Я машинально кивнул, подтверждая, что мы вели разговор о солидоле и я согласен отдать его в довесок. Когда, спрятав хлеб под телогрейку, шагал по направлению к воротам, меня обогнал Петрик. Насвистывая, он нес под мышкой две буханки и в отличие от меня никуда их не прятал. Все знали, что это дань, которую выплачивает пекарня Алдану и Захару, поэтому Петрика никто не трогал.

Через день, во время ужина, Слайтис отозвал меня в сторону и тихо предупредил:

- Ты больше ко мне не приходи, понял?

- Понял, - резко отозвался я и повернулся, чтобы уйти.

- Подожди, - ухватил меня за рукав Слайтис. - Ты думаешь, мне хлеба жалко? Присылай своего деда с банкой солидола для отвода глаз, я вам еще буханку дам. Дело в другом!

Он оглянулся по сторонам и придвинулся ближе. Обычно самоуверенный и надменный, Слайтис сейчас явно нервничал.

- Ты никому про то золото на Илиме не говорил?

- Я что, на дурака похож?

- Молчи, если хочешь дольше прожить. И не надо, чтобы нас вместе видели. Опасно это…

Он хотел сказать что-то еще, но раздумал и пошел к своей хлеборезке, где его ждали два земляка-прибалта.

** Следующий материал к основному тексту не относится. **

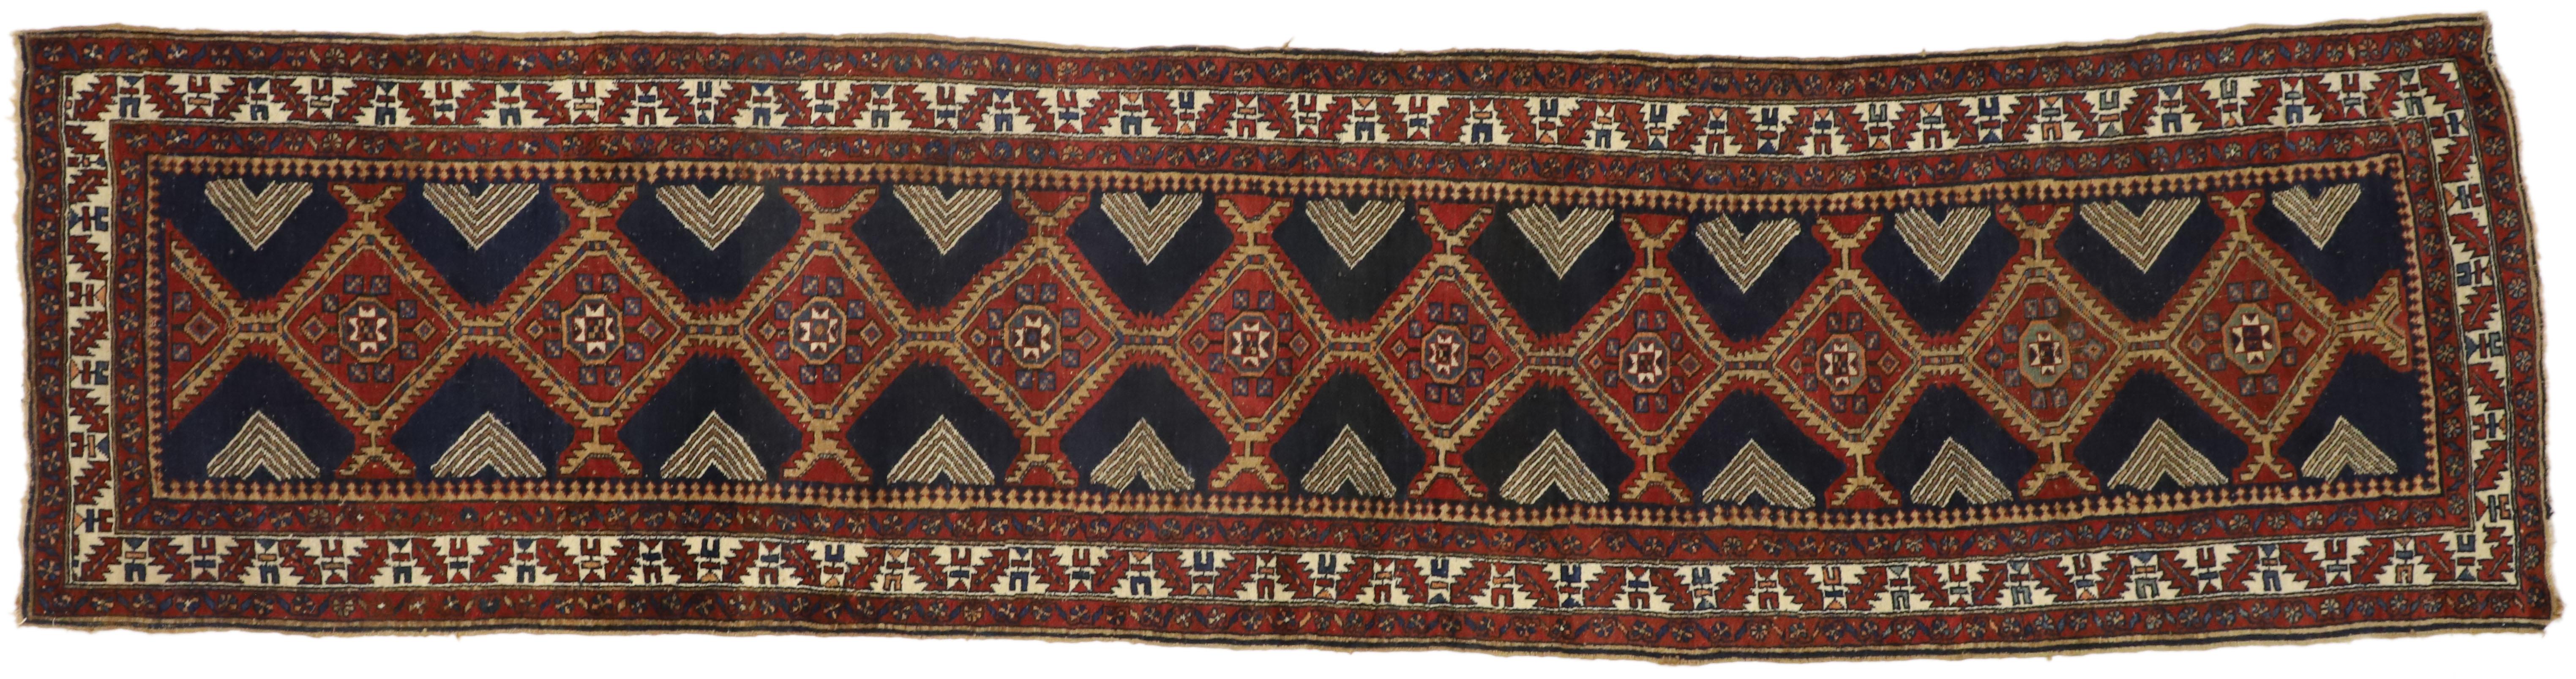 Vintage Persian Heriz Runner with Mid-Century Modern Style For Sale 2

Совет как "дольше прожить" оказался злой насмешкой судьбы: сам Слайтис погиб через две недели. Его подстерегли вечером у столовой и нанесли несколько ударов заточкой в живот и грудь. Окровавленный арматурный прут валялся здесь же. Карманы убитого были вывернуты, рядом лежала пустая сумка, в которой он носил хлеб.

Пошел слух, что Слайтис и его земляки скупали за продукты золотой песок и что-то с кем-то не поделили. Другую причину многие зеки видели в начавшейся разборке между слишком возомнившими о себе прибалтами и лагерной воровской верхушкой. Небольшая кучка прибалтов своей сплоченностью и готовностью защищать друг друга до конца представляла немалую силу. Некоторые из них занимали на прииске бригадирские должности. Пекарня, которая снабжала хлебом и охрану, и зеков, тоже обслуживалась ими.

Роковую роль мог сыграть и характер Слайтиса. Он вполне мог перегнуть палку и вызвать раздражение одного из наших паханов. И хотя такого беспредела, как в бериевские времена, в лагерях уже не было, власть воровской верхушки была сильнее. Неугодного человека могли смахнуть одним щелчком, как букашку.

Как бы то ни было, а в хлеборезке появился новый хозяин. На этот раз из русских. Заодно, на всякий случай, в столовой сменили двух прибалтов-поваров к удовольствию зековской братии I отправили долбить камень на прииск. Жизнь продолжалась своим чередом.

Вскоре я почти забыл тот разговор. Мне было наплевать на золото, которое добывали на "Медвежьем". Оно меня не касалось. Я вычеркивал в своем самодельном календарике дни и ждал ответа на свое прошение о помиловании, которое послал в Верховный суд. Меня судили в семнадцать лет, а малолеткам сокращали сроки… И будь у меня побольше жизненного опыта и проницательности, может, дальнейшие события сложились бы по-другому.

5

К Олейнику частенько наведывался Тимофей Волков по кличке Полицай. В годы войны он действительно служил в полиции…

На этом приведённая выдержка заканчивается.